Privacy law in Cameroon embodies several legal concepts, one is the invasion of privacy, a tort-based in common law, allowing an aggrieved party to bring a lawsuit against an individual who unlawfully intrudes into his or her private affairs, discloses his or her private information, publicizes him or her in a false light or appropriates his or her name for personal gain. Public figures have less privacy and this is an evolving area of the law as it relates to the media. This is because as a public figure, the life of the individual is open to the public. The public tends always want to find out about their lives, marriages, education and many more. As a public figure, the media tends to always write about them, digging into their personal lives, calling them for interviews, and a result of these, it greatly reduces their privacy.

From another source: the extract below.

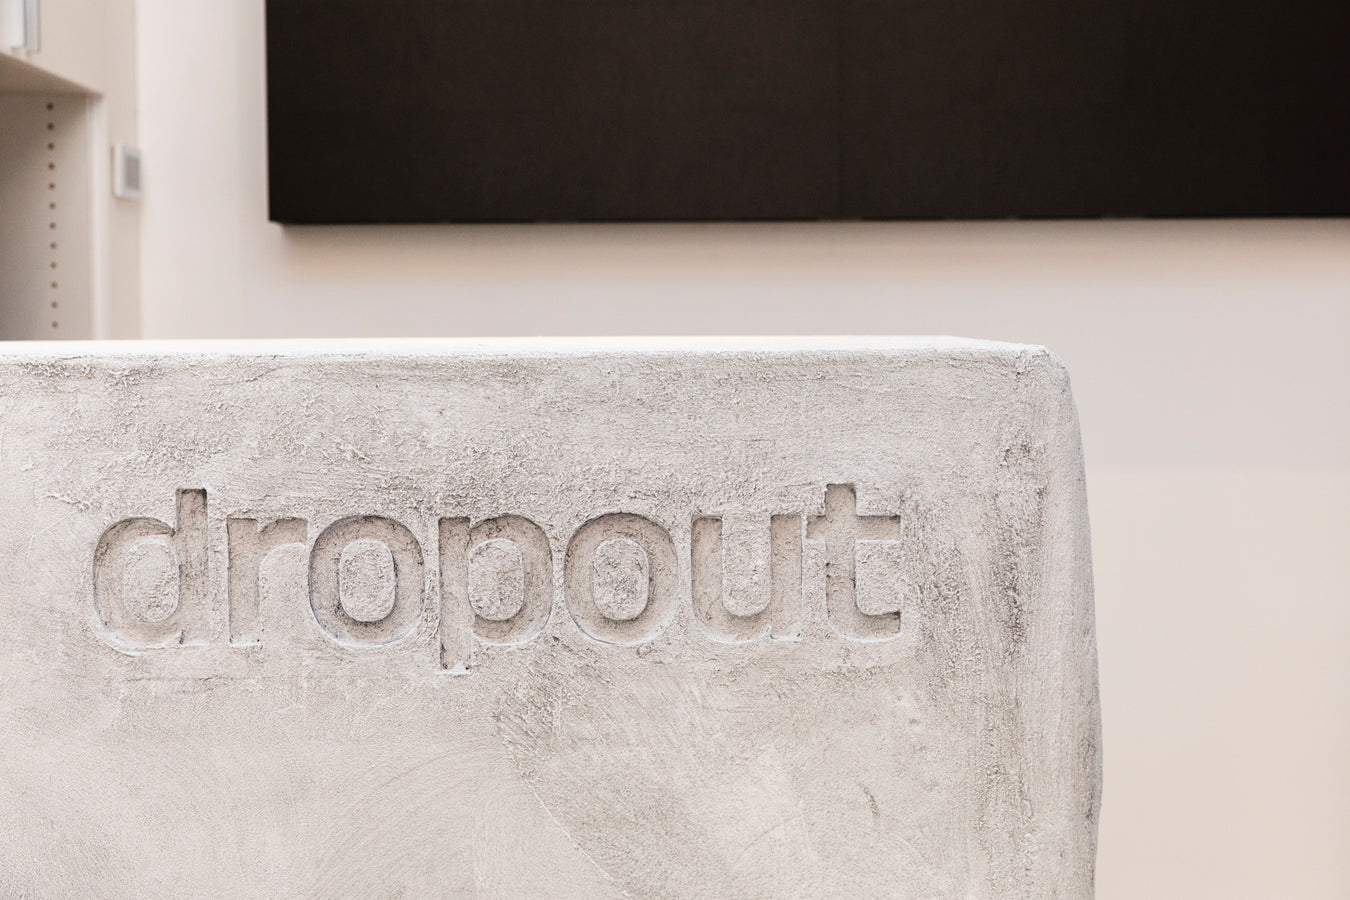 Dropout_-23 - dropout

It is true that Cameroon is against the violation of the privacy of individuals and even goes further to provide for sanctions for persons who go contrary to this. Nevertheless, Cameroon is not without problems in relation to the violation of the privacy rights of individuals. For example, sometimes the law enforcement officials may violate persons privacy rights by forcefully entering into their homes.

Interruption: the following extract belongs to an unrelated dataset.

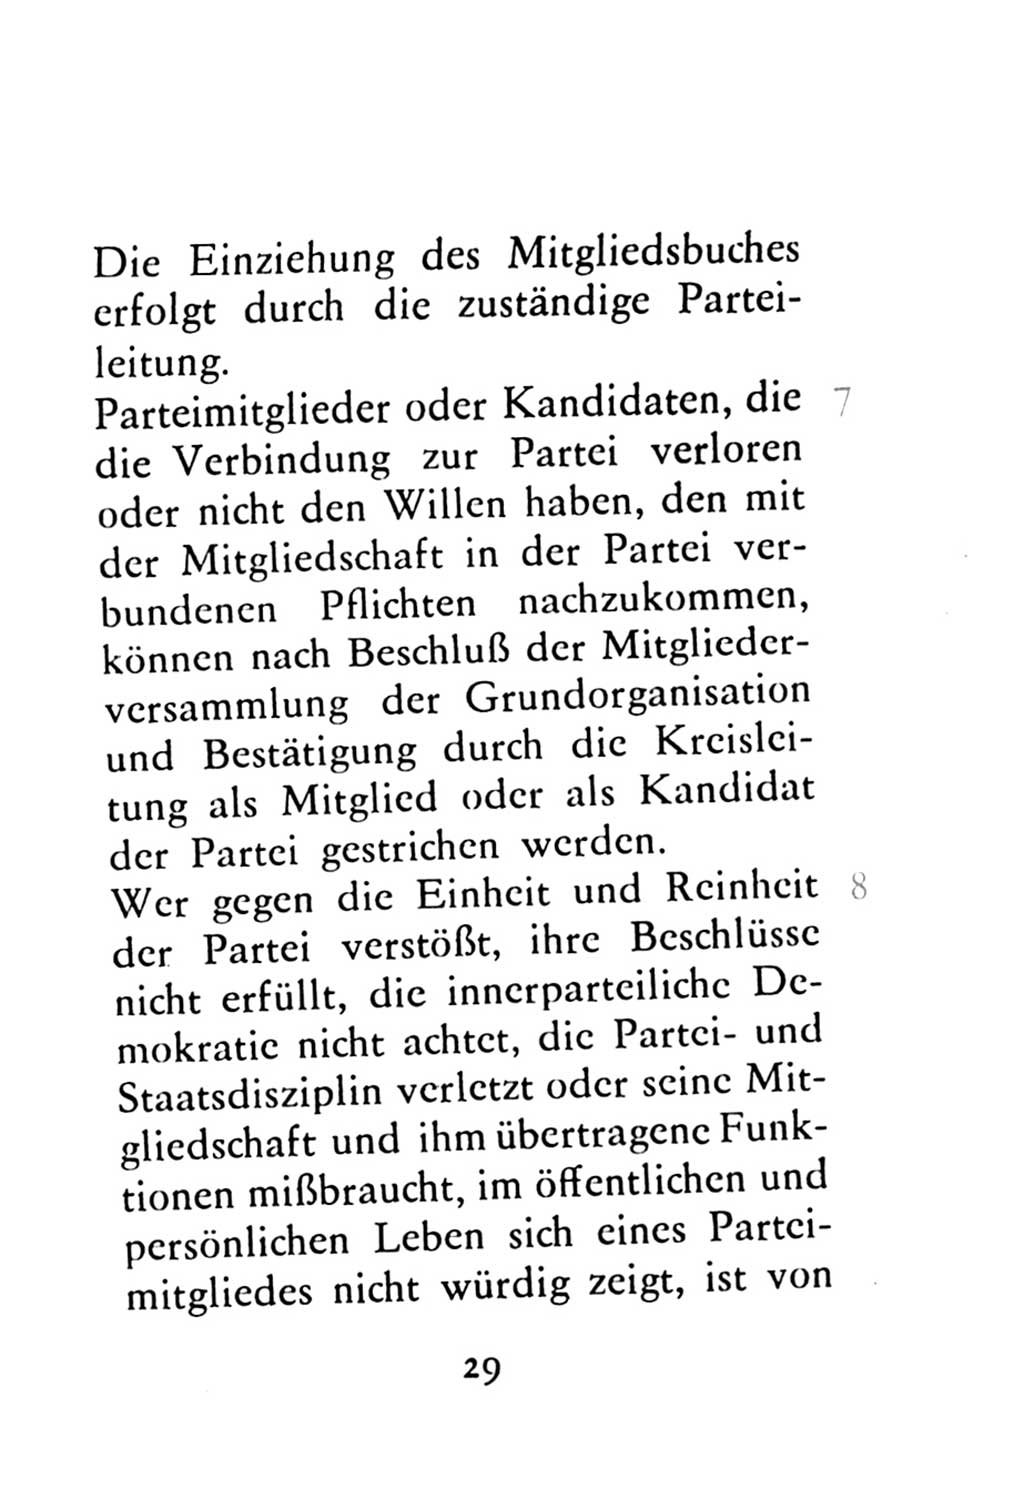 Statut der Sozialistischen Einheitspartei Deutschlands (SED) 1976, Seite 29 (St. SED DDR 1976, S. 29)

One of the greatest problems of the study is the fact that privacy rights are hardly respected in our society today, and even when some are respected, they can never be respected to the fullest. We therefore only seek to ensure that the most important of these rights are respected by the court and the state.
In our societies today, many individuals do not consider privacy rights as something to which a lot of importance should be attributed to, they, therefore, turn to shy away to enforce these rights when they are being violated by the state.

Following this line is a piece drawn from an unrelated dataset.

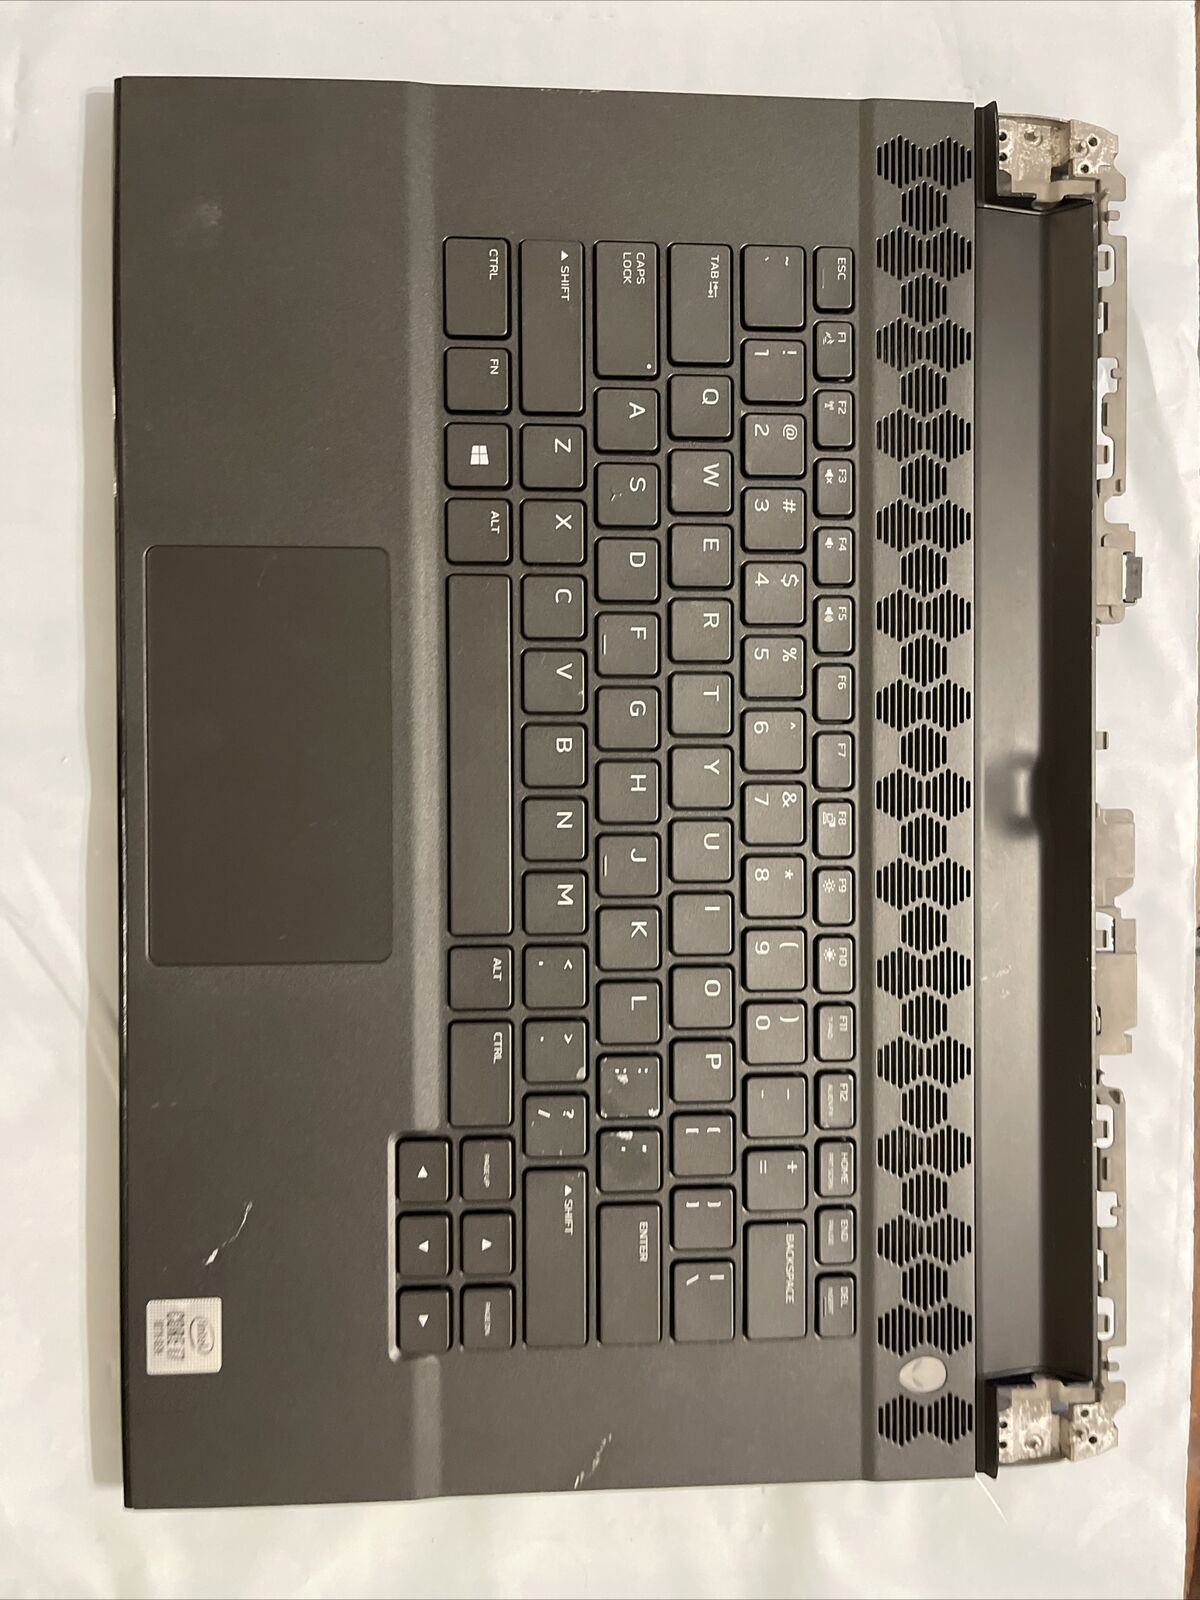 Dell Palmrest Keyboard Alienware15 M15 R3 Speakers/ extras 3DYGJ 03DYGJ H1 P8

As concerns the emerging of the internet, even though Cameroon has ratified the 2010 Law on Cyber Criminality, to kick against and punish persons who use the internet for fraudulent activities and even infringing on a person’s privacy, protection of privacy rights has become a problem. The recording of information about specific interest activities has become one of the biggest threats. People no longer have full privacy on the internet, a lot of scamming now arose and people’s personal information are being hacked into and some even scammed of lots of money. Persons use the internet to get personal information about others, such as hacking into their Facebook pages, What Sapp, and even Twitter accounts. Violation of privacy particularly concerning technology is a very big problem that has to be looked into and tried to be critically dealt with.
There exist too many different customs and backgrounds, making it a problem to be able to know what really can be considered private, because what is considered private to one may not be the same to another person. Also, what are yardstick can we use to ascertain if a particular situation is considered private and the other is not.
The major questions arising here are;
- How does the law protect privacy rights in Cameroon?
- What are the various ways in which privacy rights can be violated?
- How effective are the laws on privacy?
- What policy recommendations can be made for the right to privacy to be effective?
- To examine the extent to which the right to privacy is protected under the Cameroonian legal framework.
- To discuss and carefully bring out the various ways in which privacy rights can be violated.
- To analyze the effectiveness of the laws governing the respect of the rights to privacy.
- To make policy recommendation with respect to the right to privacy.